Были среди хасидов и такие бедняки, которые не могли заплатить за ночлег и питание даже ломаного гроша. Но разве выгонишь такого: ведь человек пришел в Гадяч помолиться. Не мог Фейгин нарушить святое предписание приема гостей.
Как уже было сказано, помимо сорока общинных рублей, были у резника и другие доходы. Во-первых, кишкес — внутренности, по обычаю отдаваемые резнику с каждой идущей под нож скотины. А поскольку количество гостей росло, а с ним — и расходы, то решено было в общине заменить кишкес на два фунта мяса.
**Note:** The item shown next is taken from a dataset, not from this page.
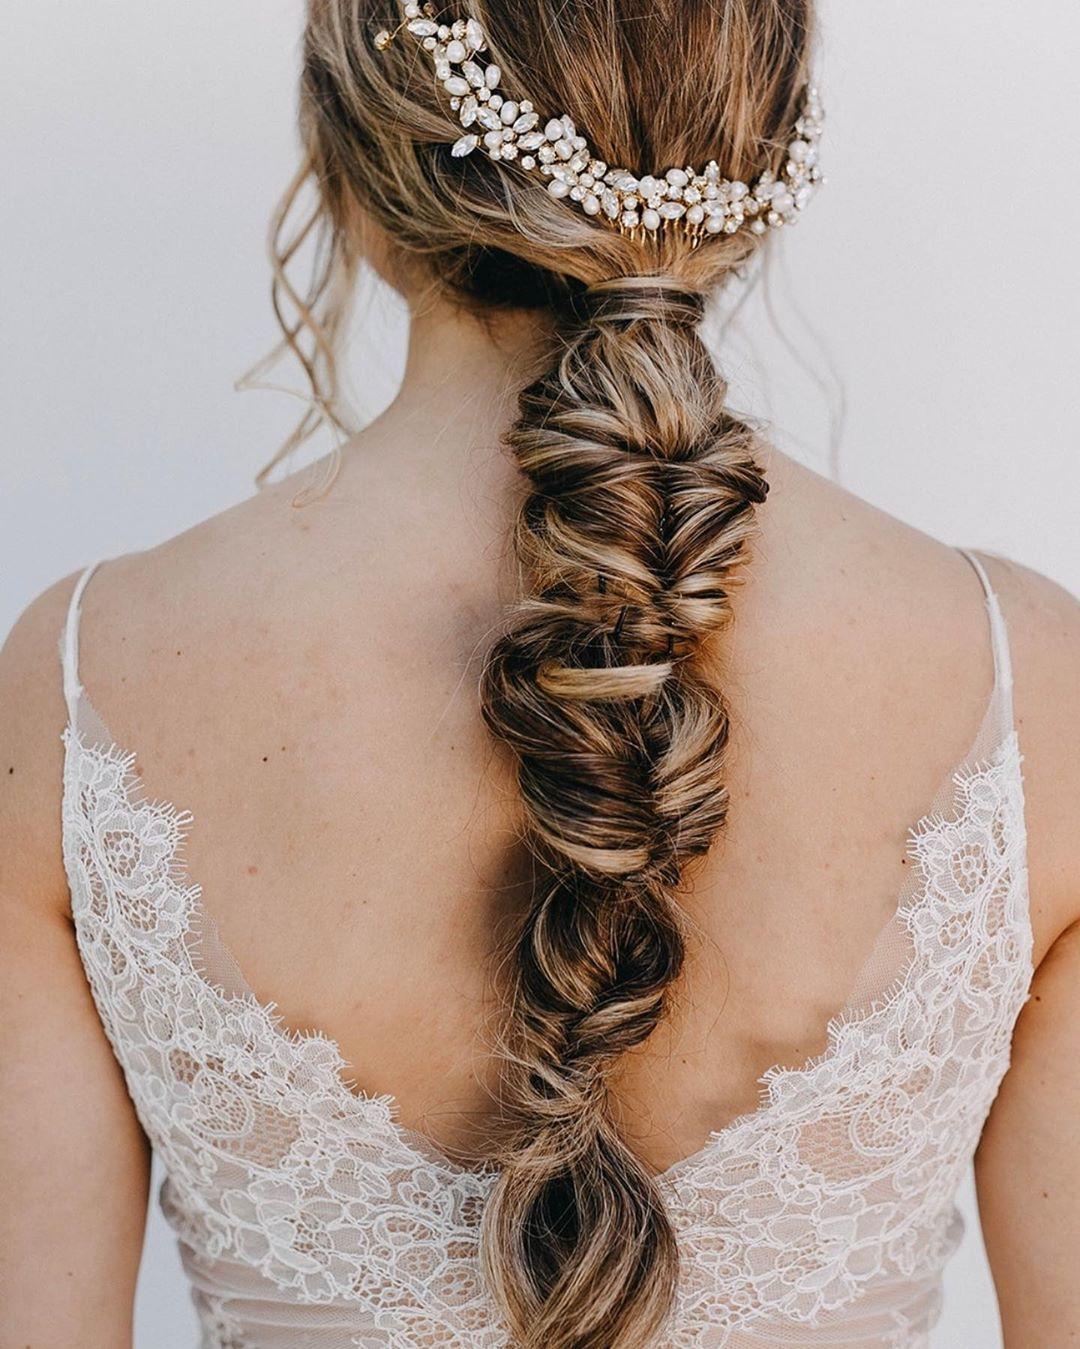 Ob eine schlichte Brautfrisur mit Zopf oder aufwendigere

Это во-первых.
Было еще и во-вторых: плата за особую, «сохранную» мацу, сделанную из пшеницы, которой не касалась вода с момента жатвы. Именно Фейгин поставлял «сохранную» мацу евреям Гадяча. А ведь известно, что на Песах даже самый бедный еврей обязательно купит себе как минимум шесть листиков такой мацы — по три на каждую праздничную трапезу. Ежегодно Хаим-Яков получал из Орши мешок «сохранной» муки, тщательнейшим образом закрытый и запечатанный печатями семи раввинов и праведников. В день «сохранной выпечки» сходились к его дому все евреи Гадяча от мала до велика. Под чтение псалмов раскатывали на длинных столах тесто. Какая была тогда теснота в доме — сохрани Господь! А в канун Песаха каждая семья отправлялась к резнику, чтобы получить из его рук свои шесть заветных листиков. Брали бережно, с благоговением, заворачивали в чистую салфетку и со всеми предосторожностями несли домой, чтобы, Боже упаси, не повредить или, того хуже, сломать хотя бы один листик мацы.
Третьим источником дохода было вознаграждение за обрезание. Из всех моэлей Гадяча лишь Фейгин считался подлинным специалистом в этом деле. Да таким авторитетным, что приглашали его даже евреи из соседних городов, а однажды, было дело, аж из самого Конотопа! Потому что знали: когда нож моэля в руках Хаима-Якова, за ребенка можно не беспокоиться — не будет ему никакого вреда. А уж когда он надевал свой специальный белый халат, так и вовсе походил на профессора в операционной. Главное в этом деле — чистота: нужно в семь глаз следить, чтобы не попало ни капельки грязи во время процесса обрезания.